*** Opening DATA ***

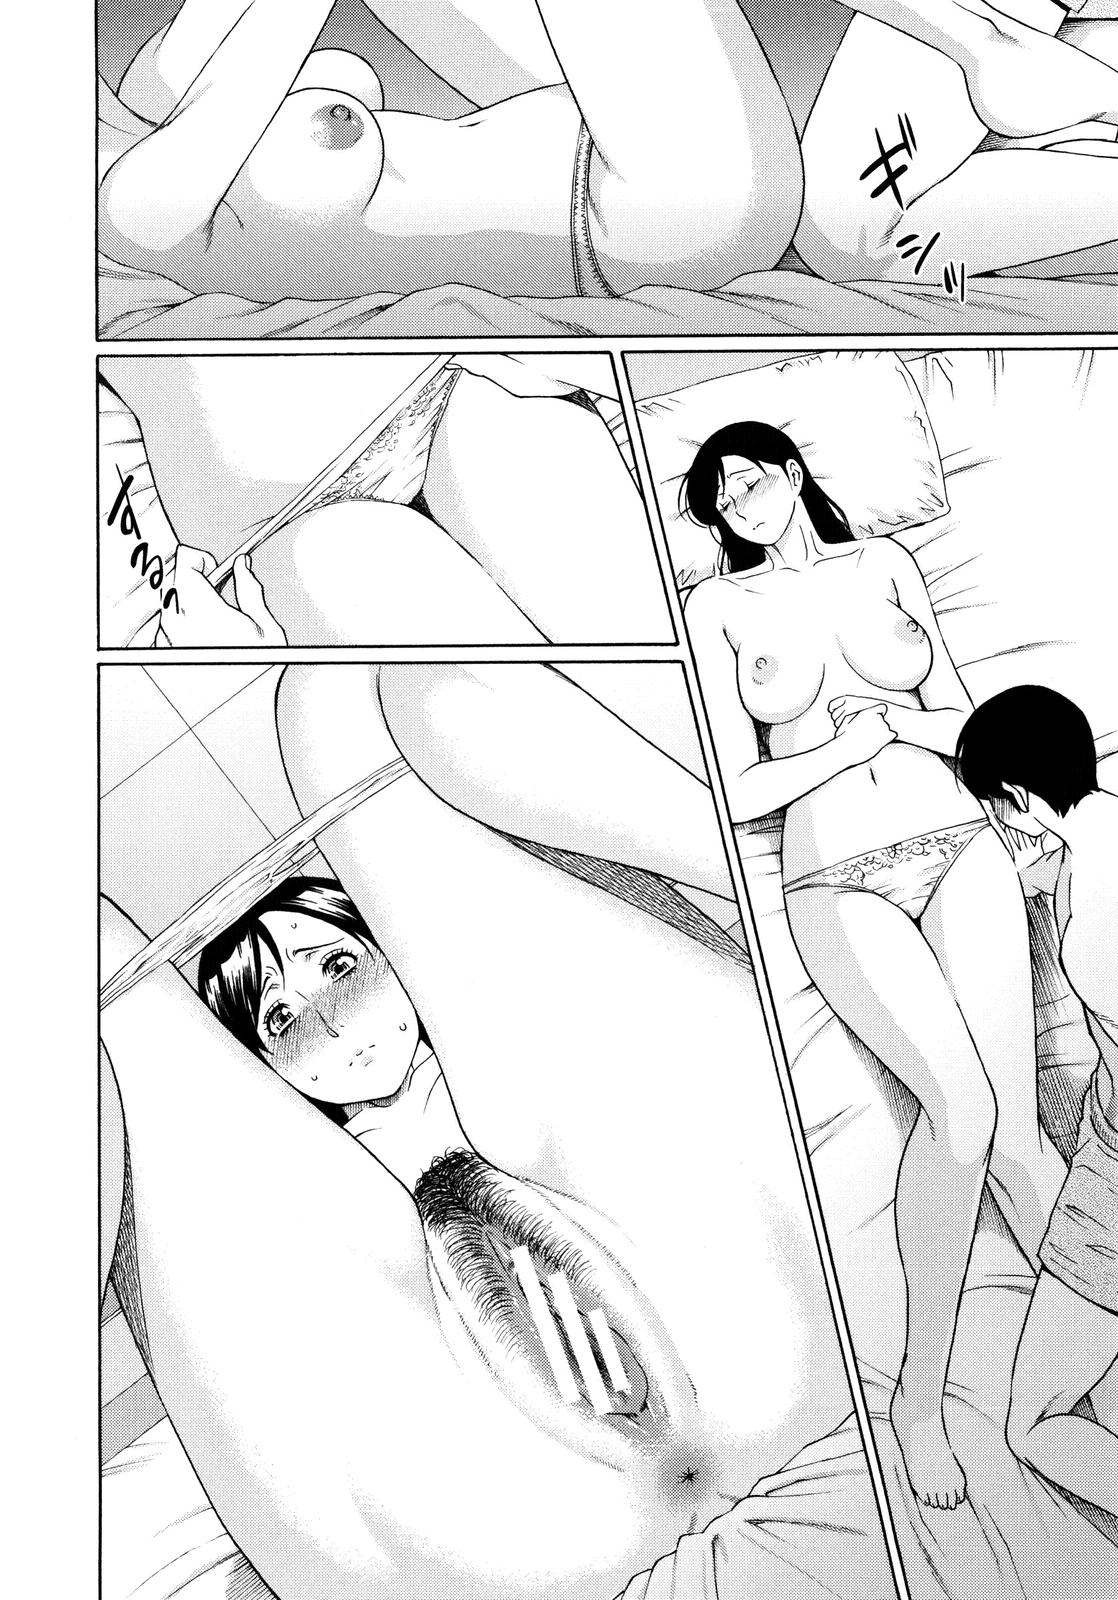 Порно Комикс Хентай Инцест Манга
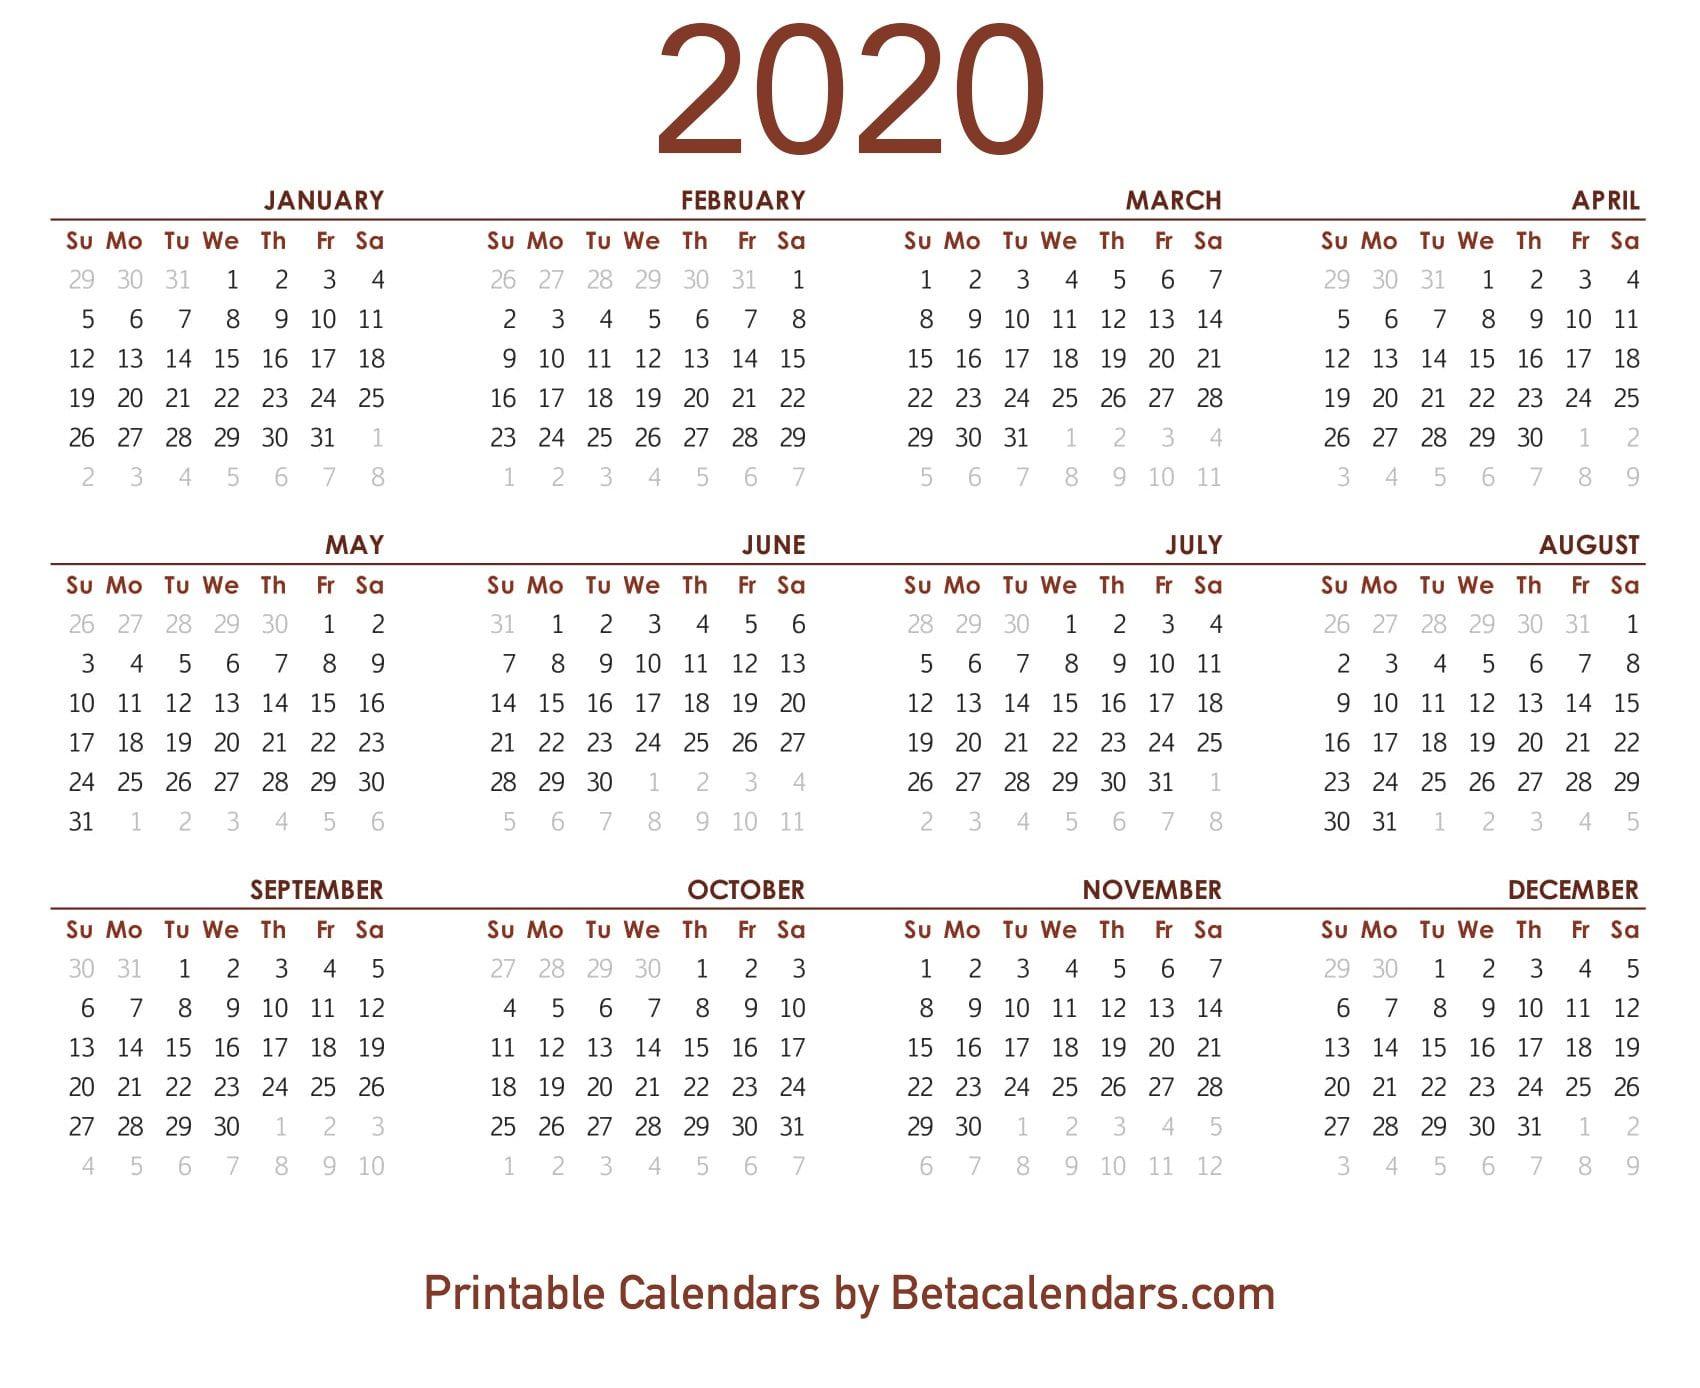 2020 Calendar 8 12 X 11 | Free Printable Calendar pertaining to 8X11 Calendar Printable
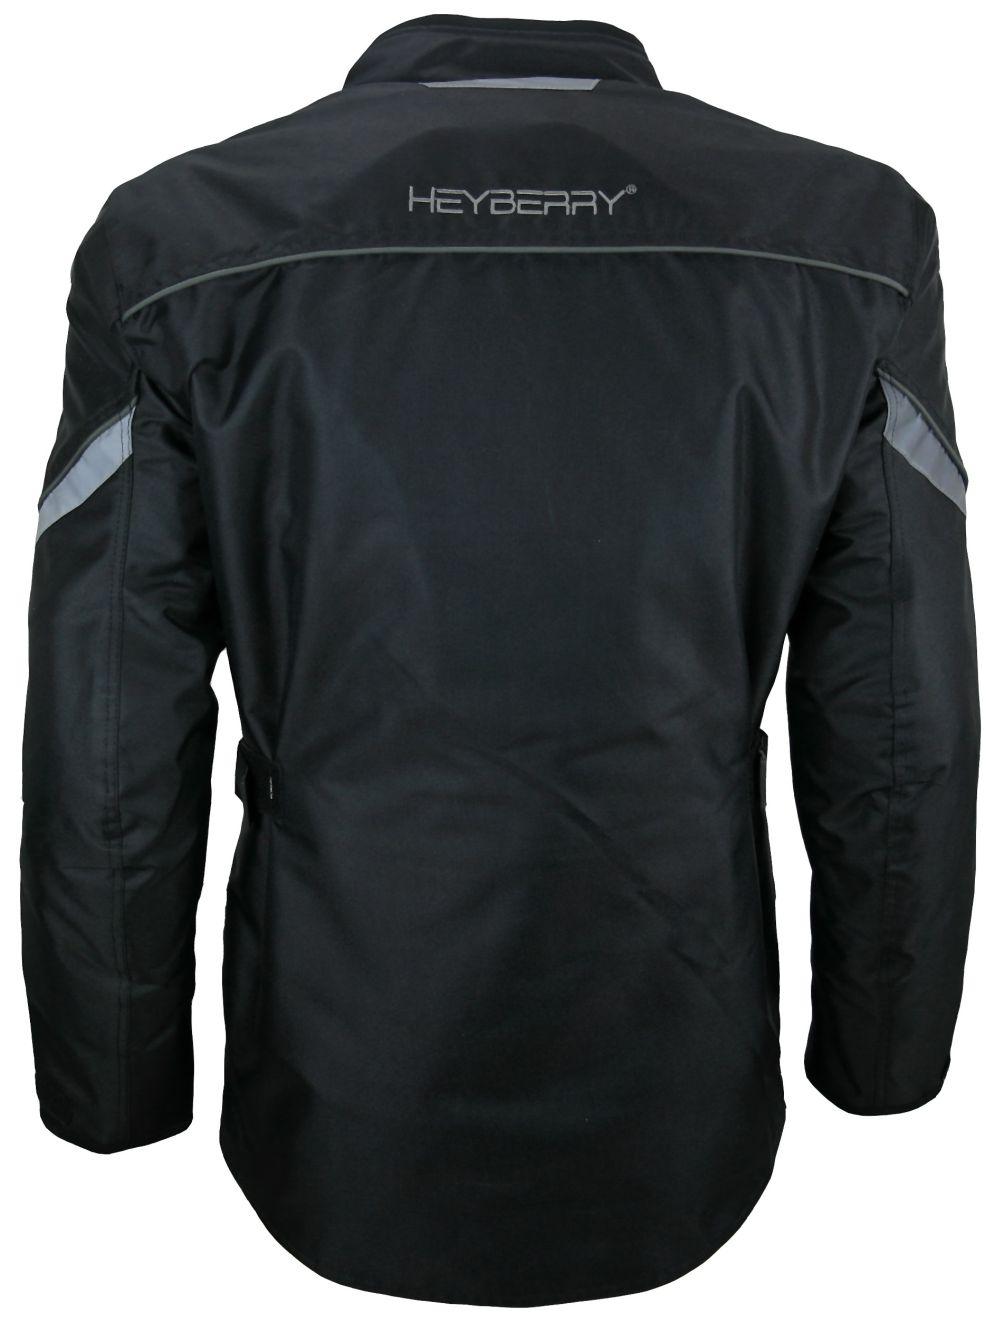 Heyberry Textil Touren Motorradjacke Motorrad Jacke schwarz grau Gr. M-3XL
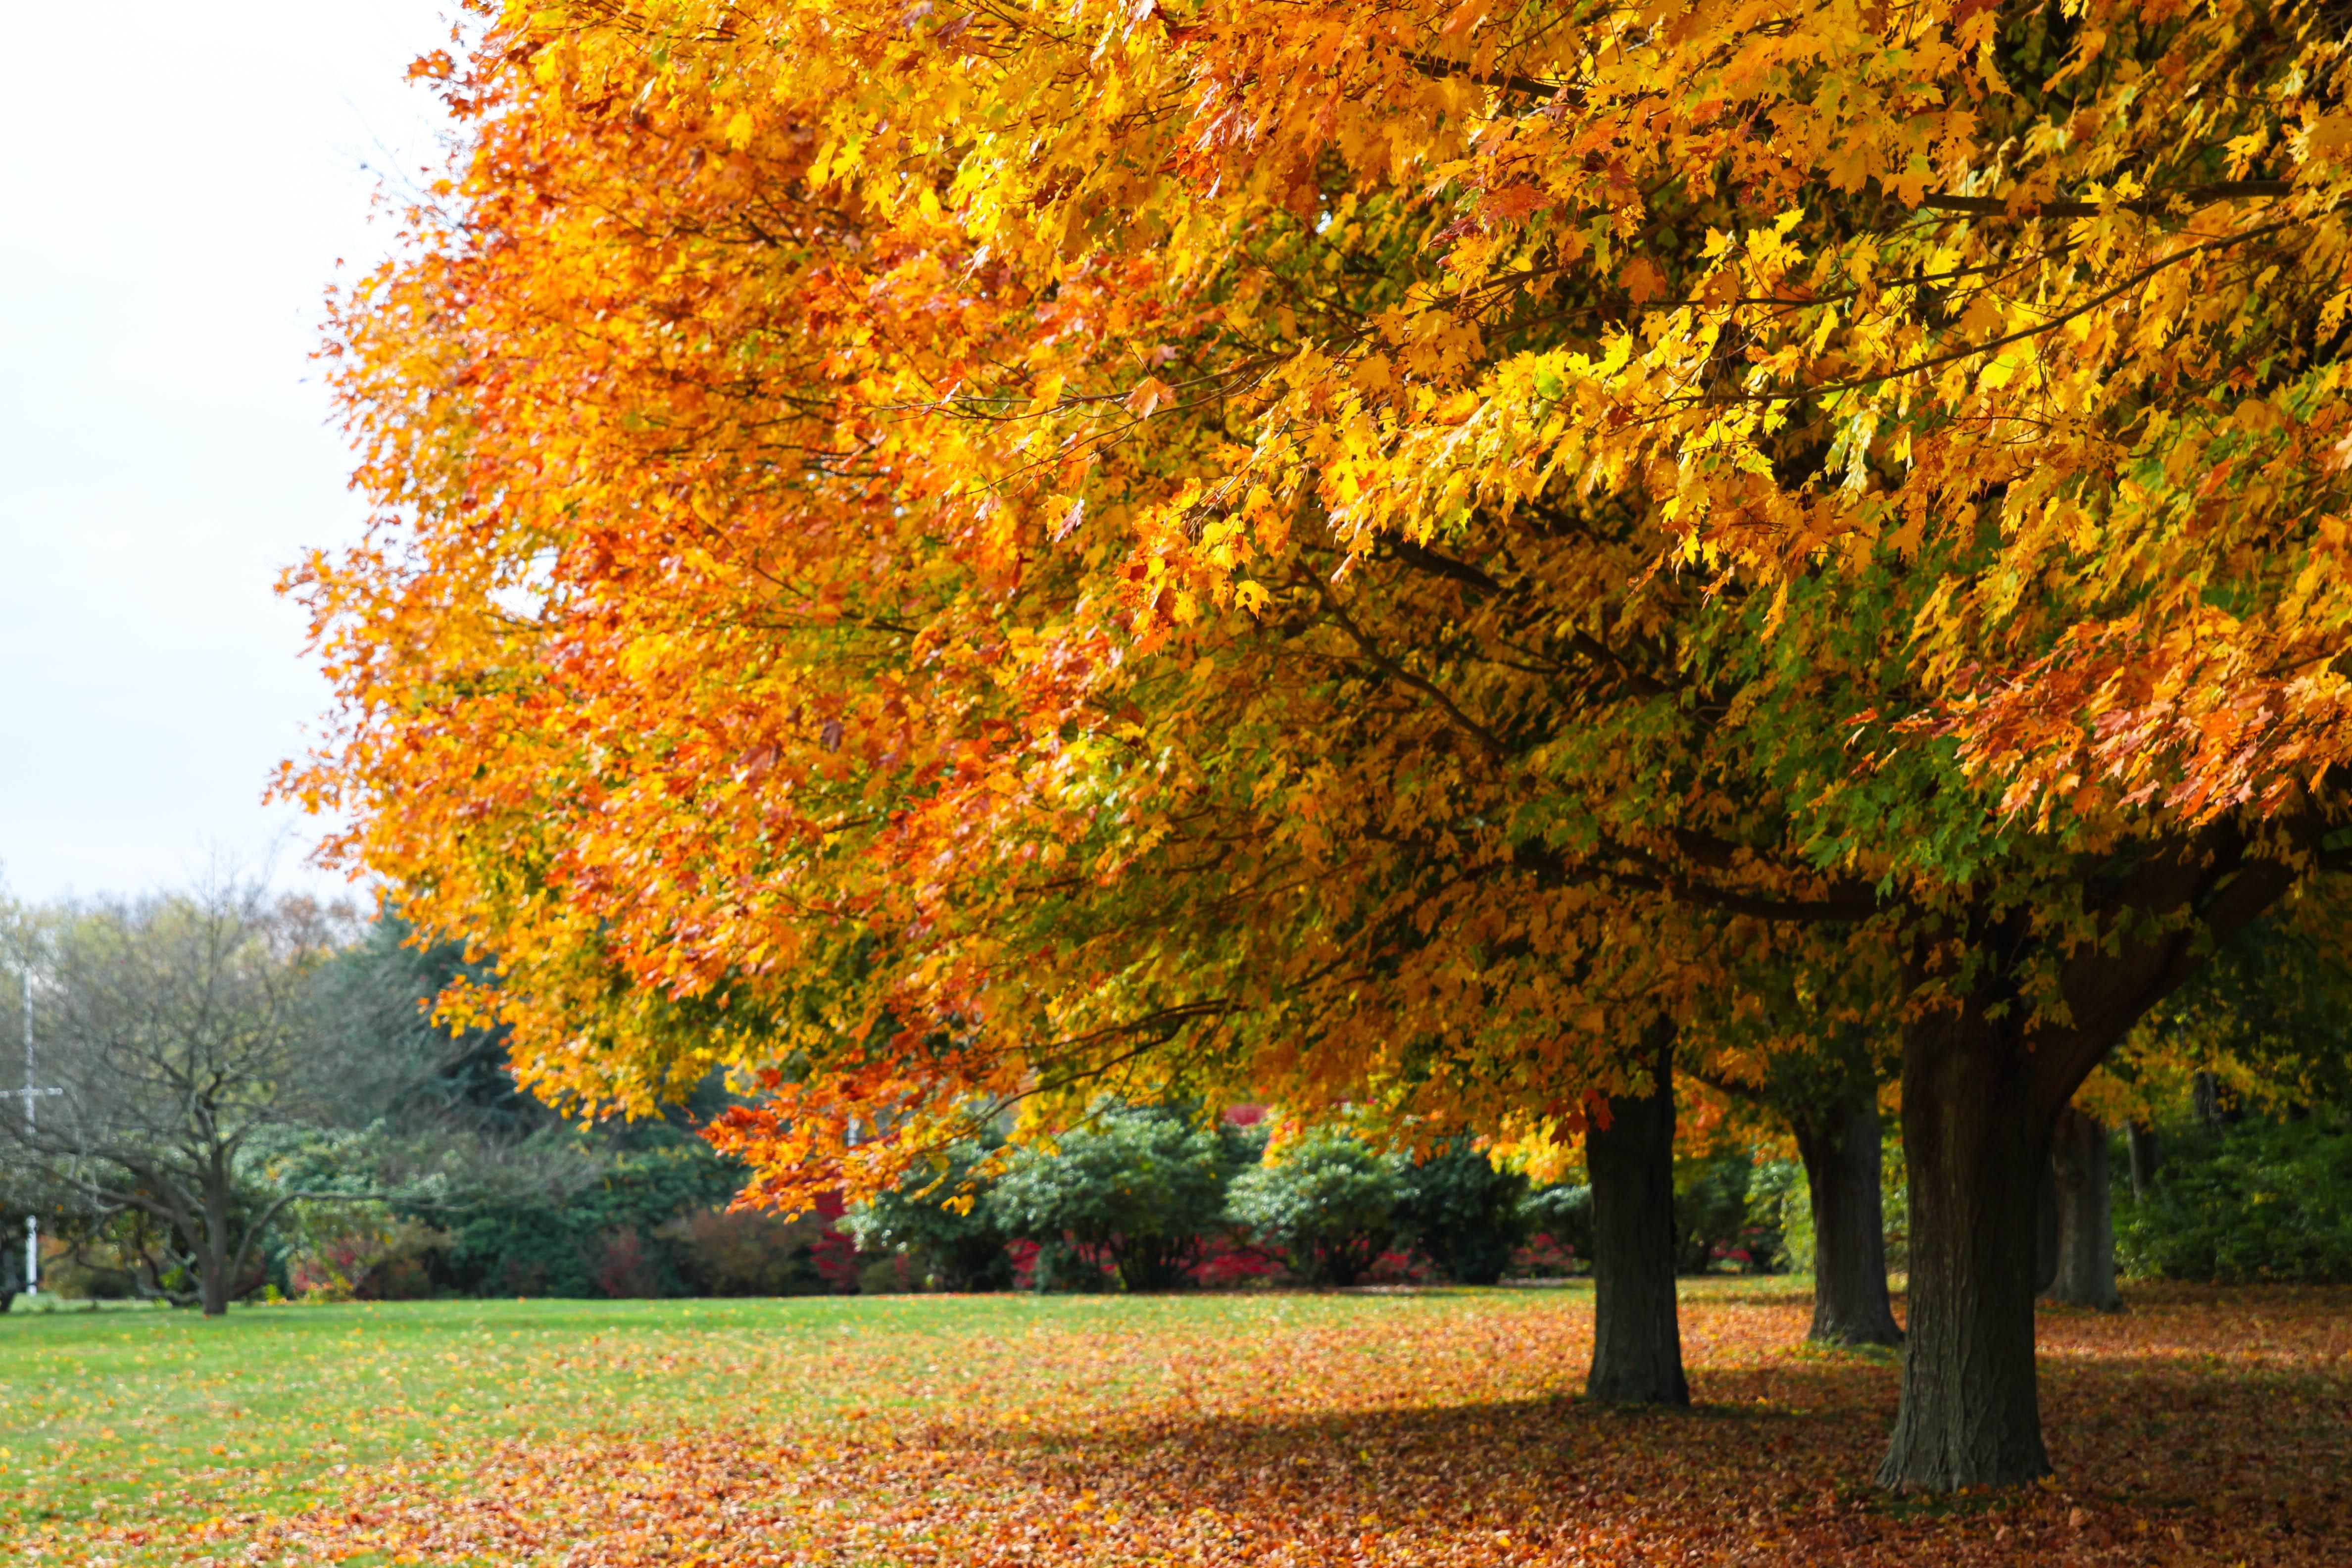 7286 fall foliage colt state park crJenniferBalch-2

*** Closing DATA ***

→ **EXERCISE OBJECTIVE**
Return the data above in its exact wording, with none of the pictures.

→ **YOUR SOLUTION**
 Порно Комикс Хентай Инцест Манга
 2020 Calendar 8 12 X 11 | Free Printable Calendar pertaining to 8X11 Calendar Printable
 Heyberry Textil Touren Motorradjacke Motorrad Jacke schwarz grau Gr. M-3XL
 7286 fall foliage colt state park crJenniferBalch-2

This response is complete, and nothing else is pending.